Ефимочкин галантно поклонился, но Кущ отказалась:
— Нет, мы не можем.
Ефимочкин постарался смягчить:
— Очень жаль, но у нас срочные дела.
— Да разве их можно переделать за один день? Все равно нельзя. Я ведь по-простому, без церемоний… — Женщина прекрасно понимала, что все зависит от Кущ, и обращалась теперь только к ней: — Где же вы пообедаете с дороги? Рабочая столовка уже закрыта, в ресторане у нас очереди, невкусно, пьяные. Разве там место для такой серьезной сотрудницы, как вы? И ночевать останетесь, у нас все удобства, телефон. С Москвой можете переговорить.
Она то улыбалась, поблескивая золотыми зубами, то скромно поджимала губы. Круглые, как вишни, глаза искрились. Она сдернула с вешалки пальто, готовая силой напялить его на плечи упрямой Кущ, потом, опомнившись, повесила обратно.
Ефимочкин не знал, куда деваться от смущения.
— Вы нас извините… кажется, Глафира…
— Семеновна, — подсказала женщина. — Ну что ж! — вздохнула она. — Напишу Николаю Павловичу, что вы побрезговали моим борщом…
— Мы пойдем сейчас в город, — перебила ее Кущ.
— Пешком? — удивилась Глафира Семеновна. — Да что вы? — И взялась за трубку решительным движением человека, привыкшего распоряжаться. — Нюша, — уже другим тоном, властным и жестким, сказала она в телефон. — Нюша, дай конный двор. Конный? Петров? Слушай, Петров, запряги сейчас же в пролетку Буланчика и подъезжай к конторе. — Она опять заулыбалась. — У нас здесь просто, без бюрократизма.

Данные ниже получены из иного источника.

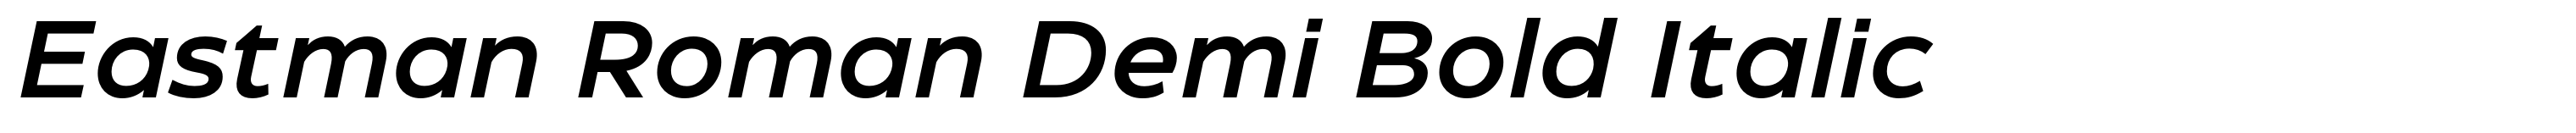 Eastman Roman Demi Bold Italic

Кущ и от пролетки отказалась. Ефимочкин слегка пожал плечами, но смолчал. Глафира Семеновна проводила их до ворот, постояла немного и с горечью сказала:
— Разве при Николае Павловиче так было? Теперь все запущено, все кое-как… Вон, глядите, на заборе краска облезла… Вахтер ворон ловит… — И, как будто ей больно было на все это смотреть, отвернулась. Опустив угол подкрашенного рта, посмеиваясь над собственной слабостью, она прибавила: — Коля мне всегда говорит: «Тебе-то что за дело? Ты-то здесь при чем?» И может, верно — при чем здесь я?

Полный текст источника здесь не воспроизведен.